■ INFORMATION SUPPLIED
● ● ●

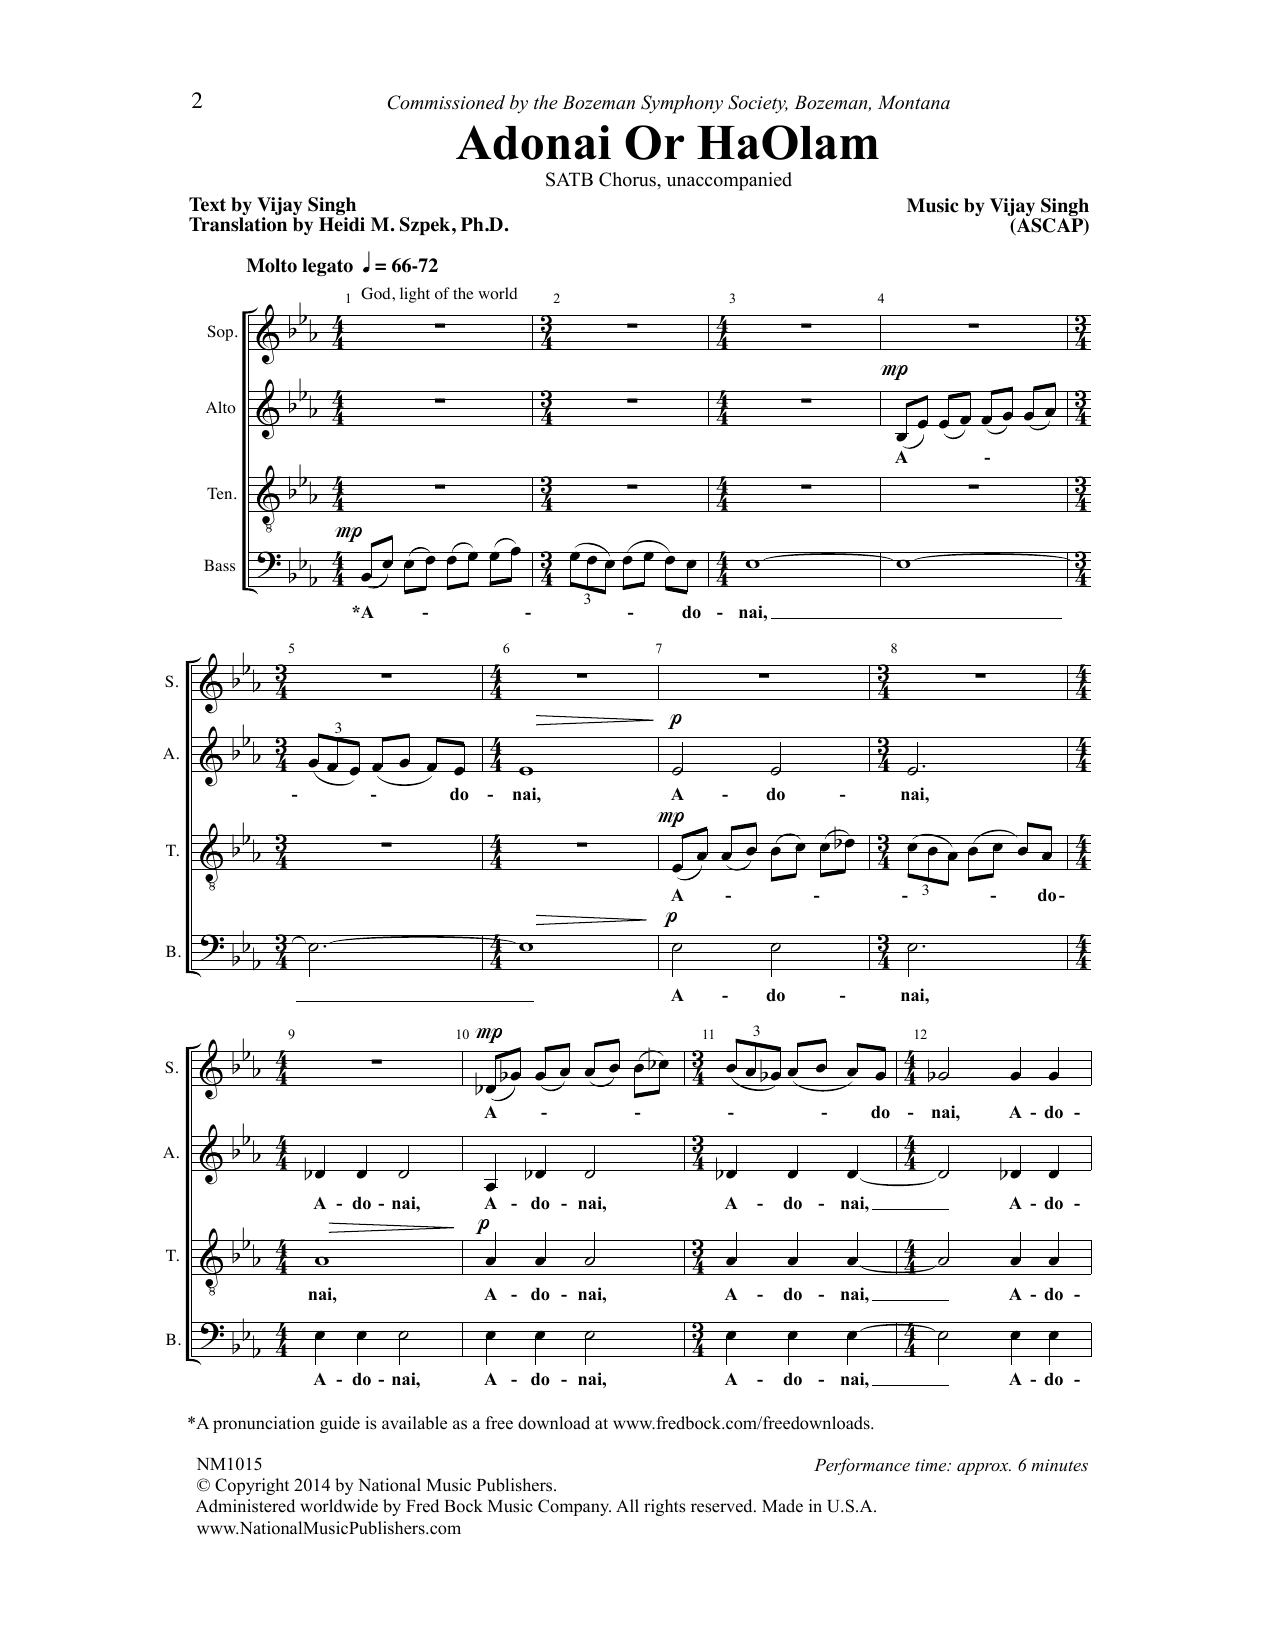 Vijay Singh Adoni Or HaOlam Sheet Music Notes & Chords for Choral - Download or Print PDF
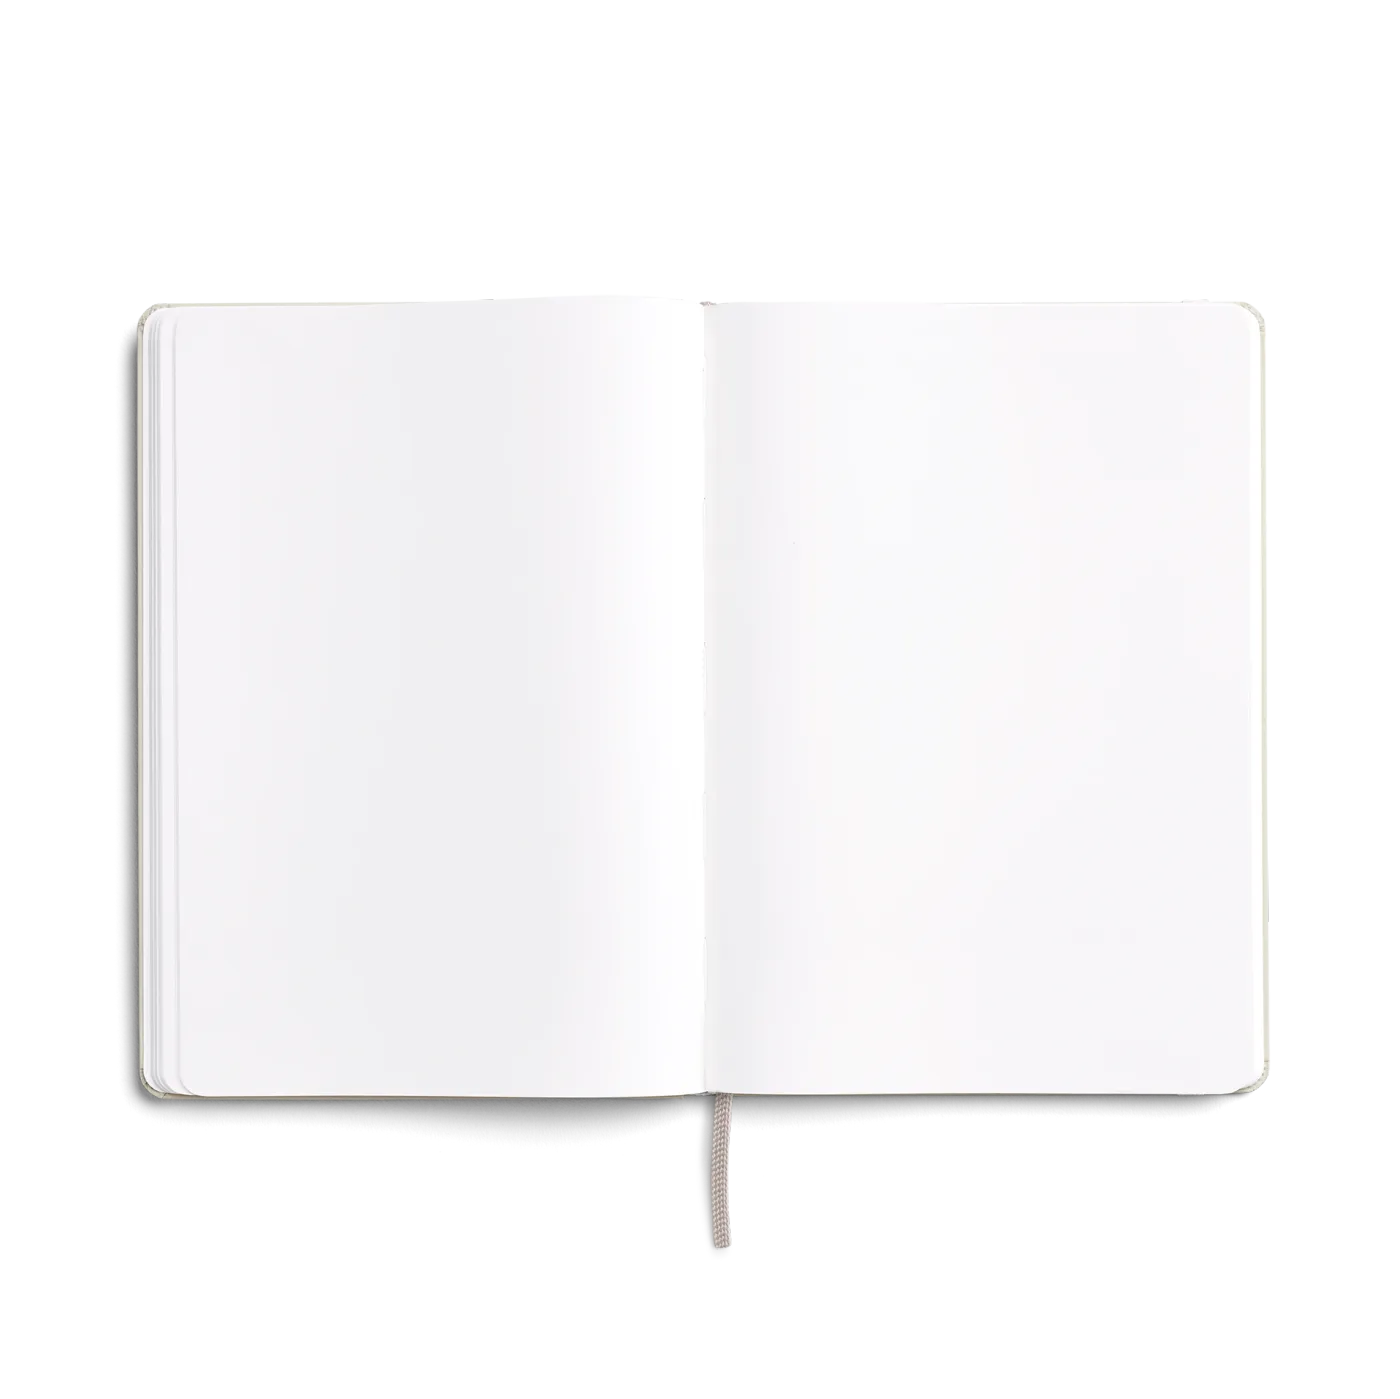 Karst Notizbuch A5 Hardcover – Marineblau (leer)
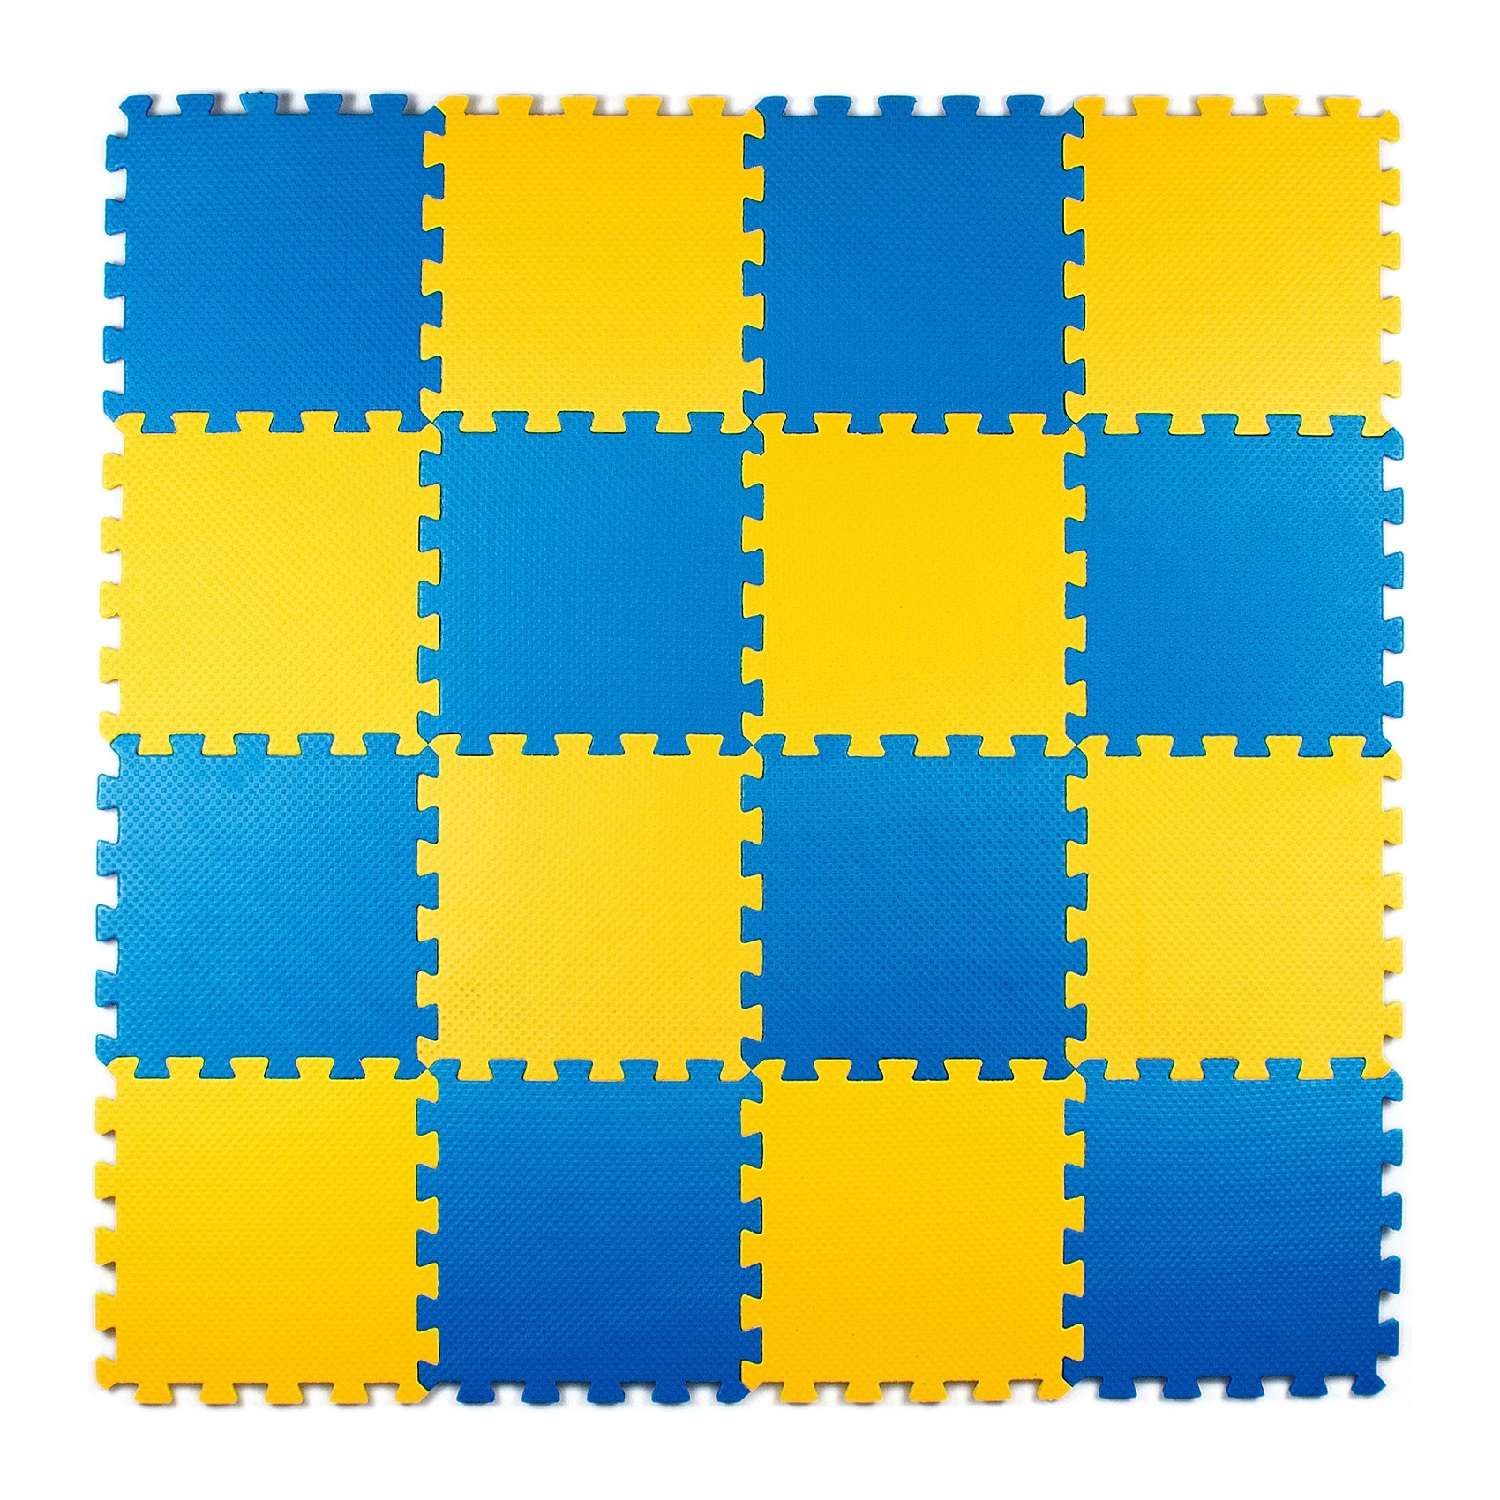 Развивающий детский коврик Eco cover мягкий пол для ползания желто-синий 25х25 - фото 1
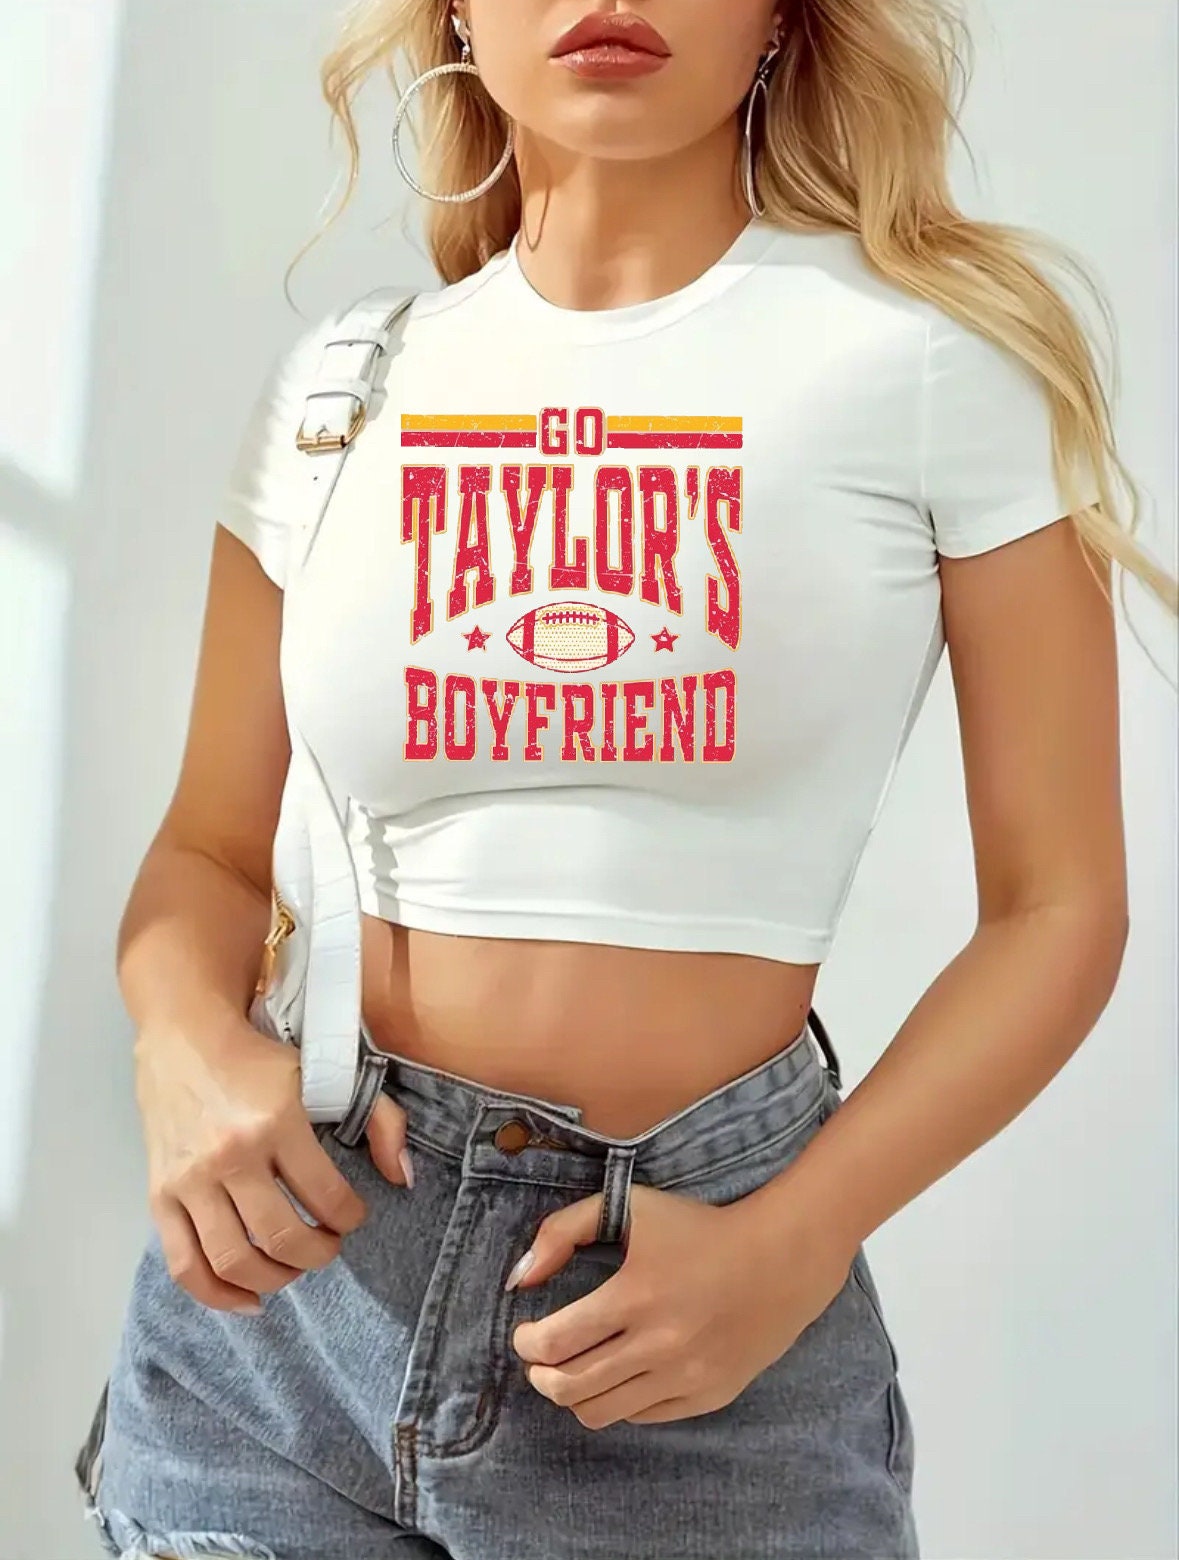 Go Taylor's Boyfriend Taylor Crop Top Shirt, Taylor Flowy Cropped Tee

● ● ●

■ WORK REQUEST
The listing above should be repeated word for word, with every image left out.

■ SOLUTION TO THIS EXERCISE
 Vijay Singh Adoni Or HaOlam Sheet Music Notes & Chords for Choral - Download or Print PDF
 Karst Notizbuch A5 Hardcover – Marineblau (leer)
 Развивающий детский коврик Eco cover мягкий пол для ползания желто-синий 25х25 - фото 1
 Go Taylor's Boyfriend Taylor Crop Top Shirt, Taylor Flowy Cropped Tee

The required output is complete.